All of us have messes in our business path. These are items that need repair and cleanup. When we depend on compliances that break down, we interrupt our performance. When we procrastinate on doing our taxes, they become more consuming later on. Messes need immediate action. Whatever you’re tolerating or putting up with is asking for attention.

What is backlogged? What are you constantly running out of? What needs cleanup and repair? What environments are not supporting you – your office, home, car, anything you depend upon to get things done and operate optimally? Where should you create a super reserve of anything you run out of often?

So in a nutshell, identify three tolerations, three environments, and three backups or reserves that you can proactively clean up to increase confidence and reduce fear.

How many maintenance days should you have per month? Eight!

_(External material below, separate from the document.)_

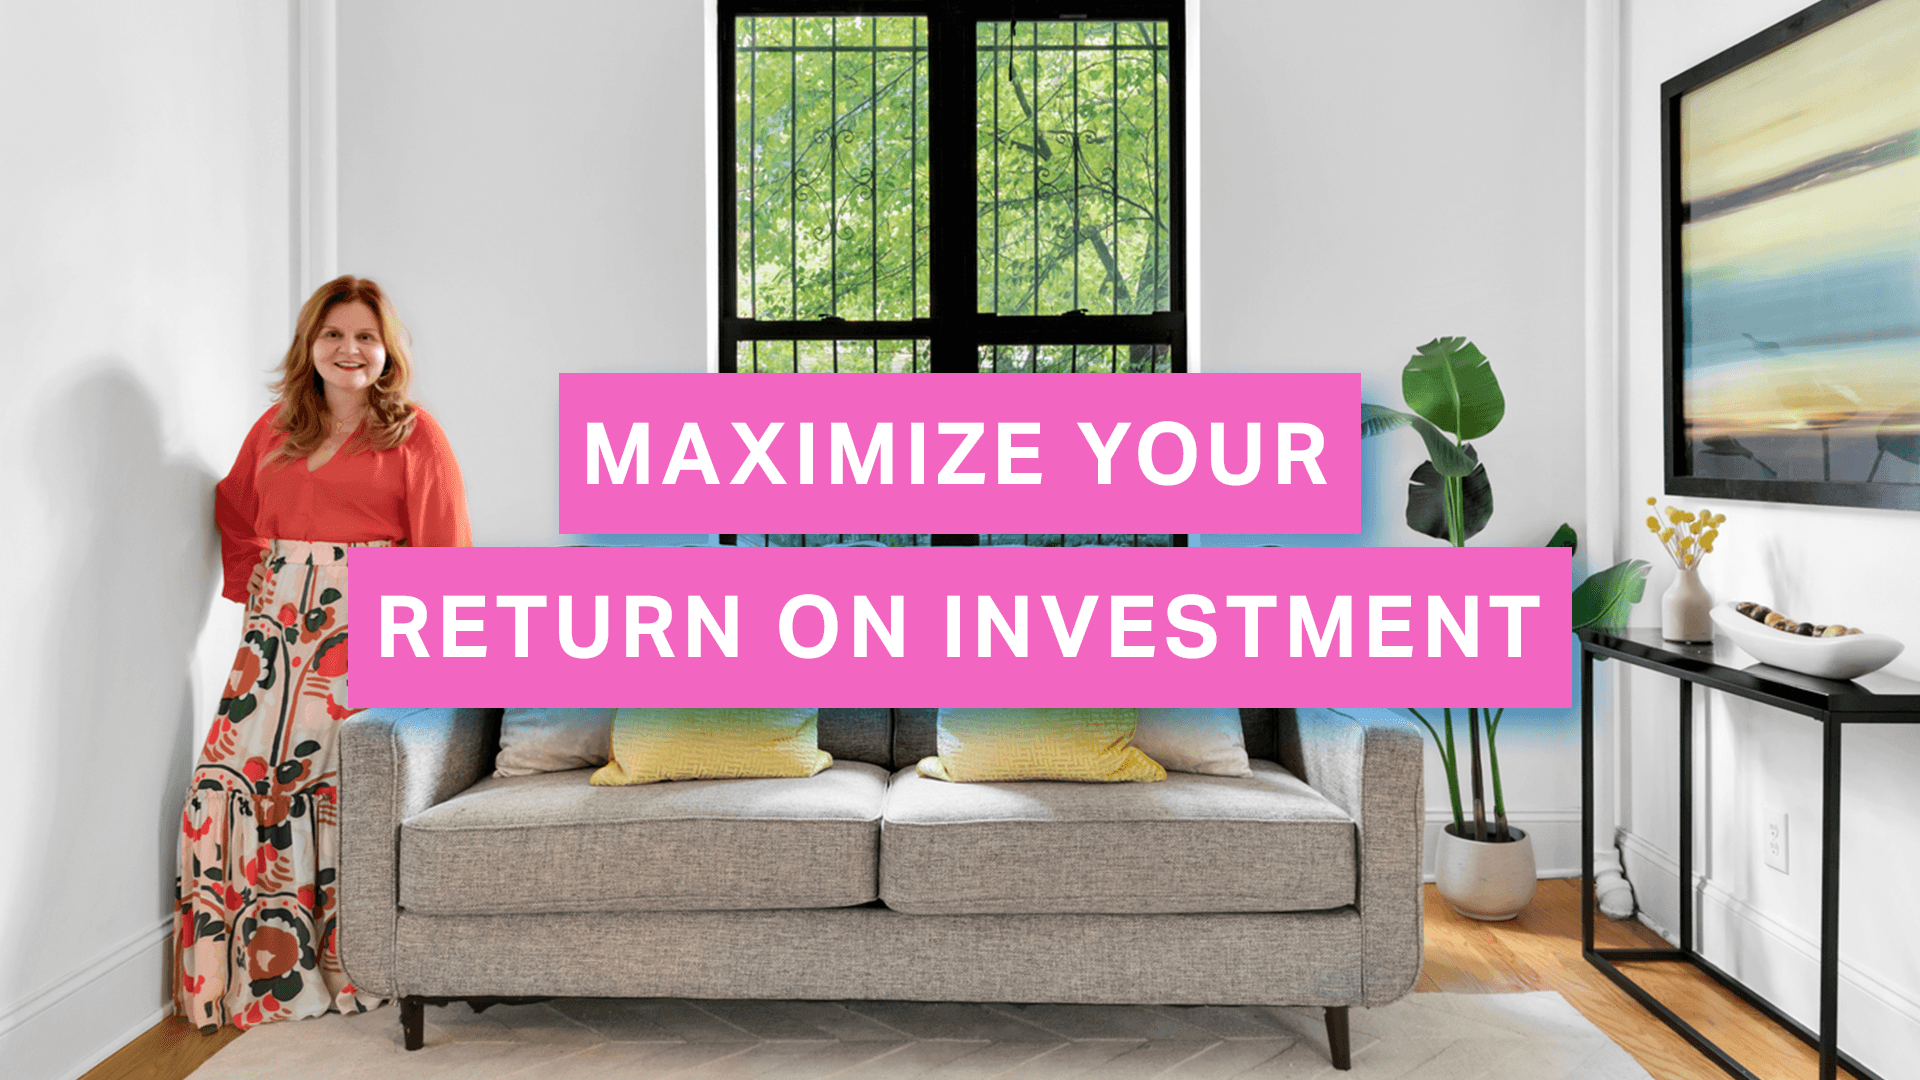 A Change of A Dress - Maximize Your Return on Investment

When you take these days, you begin to experience greater free periods, untied to details and decoupled from burdensome worries and thoughts. Your family begins to notice how much more present you are than before, and you begin to anticipate how you want to feel on your free days, which drives your intensity to prepare, delegate, clean up, and optimize. Your maintenance days are the bridge to building a fantastic life as your business grows.

And as your income heightens, you have these days squared away to meet the demands of all the new responsibilities and details dropped on you as a result of new business. You’ll get ahead by having the people, systems, and structures in place already before the details ambush your energy, time, and resources.